DISH is installed and working. I went with the 942 and we were able to get 93 on the signal with this 2 story building in the way  Now all I need is a way to get the local HD channels.

Is there any chance that DISH will get the local HD any time soon? I live in Rancho Cucamonga (91730) Southern California.


----------



## LtMunst (Aug 24, 2005)

Nightmare said:


> DISH is installed and working. I went with the 942 and we were able to get 93 on the signal with this 2 story building in the way  Now all I need is a way to get the local HD channels.
> 
> Is there any chance that DISH will get the local HD any time soon? I live in Rancho Cucamonga (91730) Southern California.


If you want to try an indoor antenna, I have had great success with the RadioShack 15-1880. With this, the 942 picks up all my local HD's from 30 miles with no problem.


----------



## Nightmare (Nov 3, 2002)

I'll give that a try. There is one at the "Shack" that is 2.1 miles from my location. Do you have yours pointed in a specific direction? I think most of the HD signals are exactly the WRONG way this unit is facing. :nono2:


----------



## LtMunst (Aug 24, 2005)

Nightmare said:


> I'll give that a try. There is one at the "Shack" that is 2.1 miles from my location. Do you have yours pointed in a specific direction? I think most of the HD signals are exactly the WRONG way this unit is facing. :nono2:


I used antennaweb.org to get the proper direction to point. This antenna is very directional. If it does not work at first, don't forget to try rotating the figure 8 in the center. It makes a big difference.


----------



## Nightmare (Nov 3, 2002)

I have 5 different antennas in my living room. I started with the Zenith Silver Sensor and I am getting up to 95 Signal strength. I still get pixilation on normal Digital, but not on the HD show I am watching right now.

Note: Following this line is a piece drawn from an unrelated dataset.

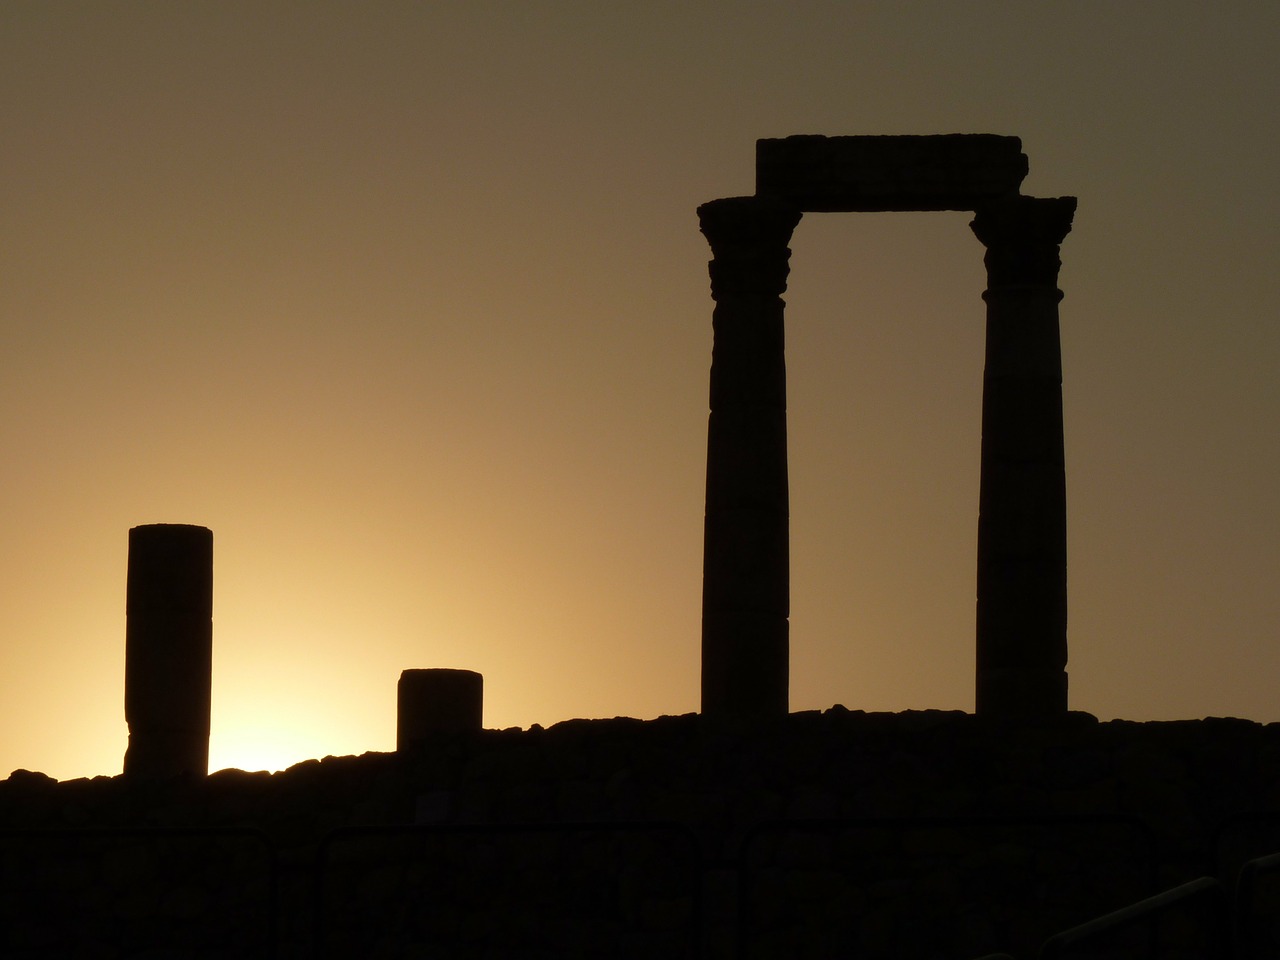 citadel hill,amman,jordan,holiday,travel,middle east,ruin,stone,pillar,sunset,romance,love,free pictures, free photos, free images, royalty free, free illustrations, public domain

I have some more questions, but I'll move it to the other forum

http://www.dbstalk.com/showthread.php?p=447489#post447489


----------



## zephyr (Jun 25, 2005)

Nightmare said:


> I have 5 different antennas in my living room. I started with the Zenith Silver Sensor and I am getting up to 95 Signal strength. I still get pixilation on normal Digital, but not on the HD show I am watching right now.
> 
> I have some more questions, but I'll move it to the other forum
> 
> http://www.dbstalk.com/showthread.php?p=447489#post447489


posted this answer on the other forum:

I went through nearly that many antennas the first time I installed an hd/digital receiver. A couple of observations:

What matters more than signal strength is signal quality. The 942 can lock on to a signal in the 60's, if it is good quality. It cannot lock on to a signal in the 90's if it is poor quality. The primary signal quality issues are multipath interference and electrical interference. You describe a complex of buildings. Multipath may be an issue, because of the signal bouncing off and through so many structures..

Electrical interference is also a problem. For example, just now I had the picture breaking up because of a lightning storm between me and the transmitter.

The pixelation happens on digital stations, whether or not the show being broadcast is HD or non-HD. There is no difference as far as the antenna is concerned between HD and SD for a given digital channel.


----------